Priya Rama‘s art is born from her chronic migraines. When one begins, along with the pain and pressure, colors and shapes appear in her mind’s eye. These get transformed into hyperchromatic paintings. An abstract expressionist, her paintings highlight a spontaneous, intuitive, and personal mark-making, with rich color and palpable texture. Her paintings especially explore dualities– of pain/beauty, emphatic color/delicate brush lines, rich details/quiet resting spots, spontaneity/deliberate placement, translucency/opacity, and contemplation/assertion. Priya thinks of her paintings as self-portraits, because as she says, “My art is part of me and I am part of my art”. Priya has been interviewed for CBS’ ‘Sunday Morning with Jane Pauley”, which aired on February 16, 2020, as well as WebMD. She has also been interviewed for multiple print and online publications, as well as radio, and has presented to several art therapy groups. Priya’s paintings can be found in private and corporate collections around the country.
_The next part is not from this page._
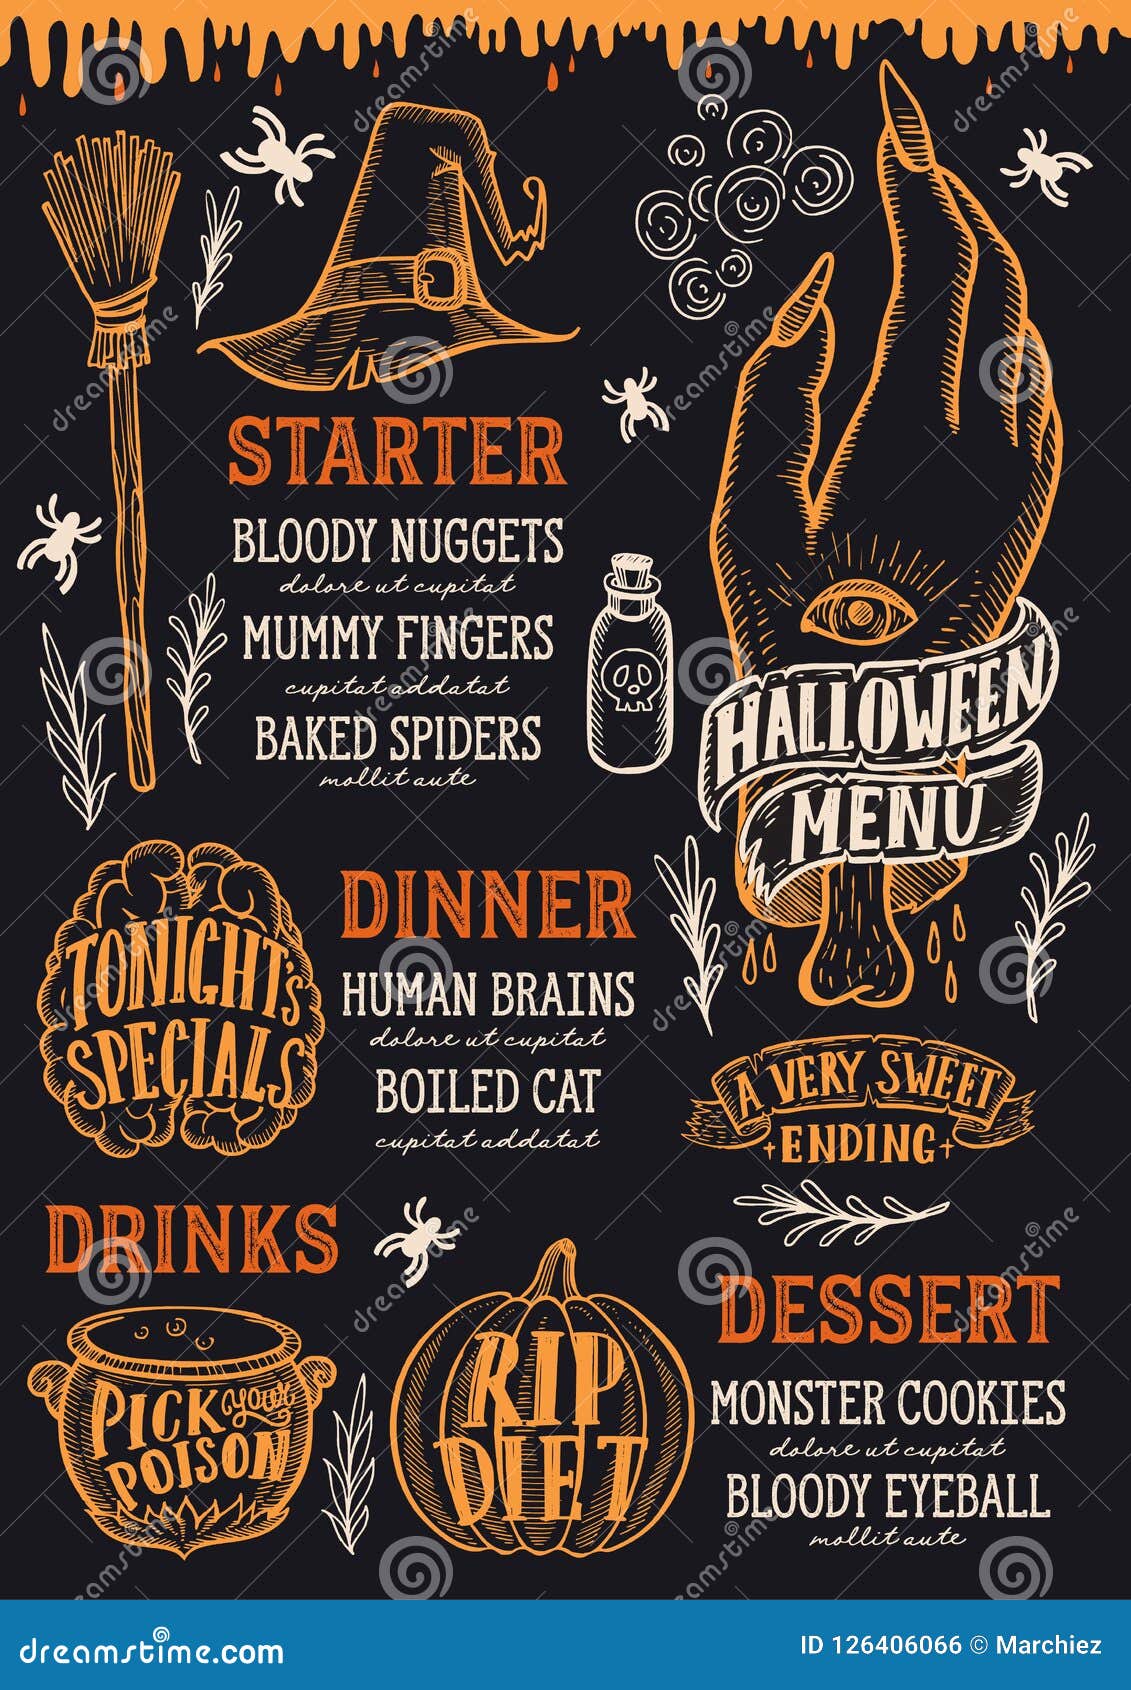  Halloween Food Menu  On A Chalkboard Stock Vector

“My paintings emerge from within. They are part of an ongoing conversation with myself that I have had since my childhood. The process is entirely natural, one that I cannot separate from myself. My works affirm the importance of resilience during moments of frequent stress, embracing that which is deeply-rooted within me.”

 

 

Rob Robbins is an internationally exhibited visual artist who explores issues of social, political and environmental conflict through landscape as subject. His large-scale paintings, on the surface, appear straight-forward, but on closer inspection leaves the viewer to contemplate their position in the world. Robbins received his MFA in Painting/Printmaking from Yale University and his BFA in Fine Arts from the Columbus College of Art and Design. His work has been awarded fellowships from the Macdowell Colony, the Ohio Arts Council and the Greater Columbus Arts Council. Robbins’s work has been exhibited at the Chateau Museum (Rochefort-En-Terre), Sears / Peyton Gallery (NY), Lydon Fine Arts in Chicago, the Carnegie Center for the Visual Arts (KY), among others. His work is included in the collections of the Nord Family Foundation, the Columbus Metropolitan Library and the Ohio State University. Robbins is a Professor of Art and Chair of the Art Department at Miami University in Oxford, Ohio.

“This work explores the confluence and conflation of time, space, the natural world and the artificial world in our complicated lives. My paintings express the feeling of simultaneously being in nature and separate from it. These paintings are about traveling at speed, the ephemerality of sensory memory. They are about being in multiple states and places all at once. They are as much about what we forget as what we remember, and how technology is changing how we experience nature.”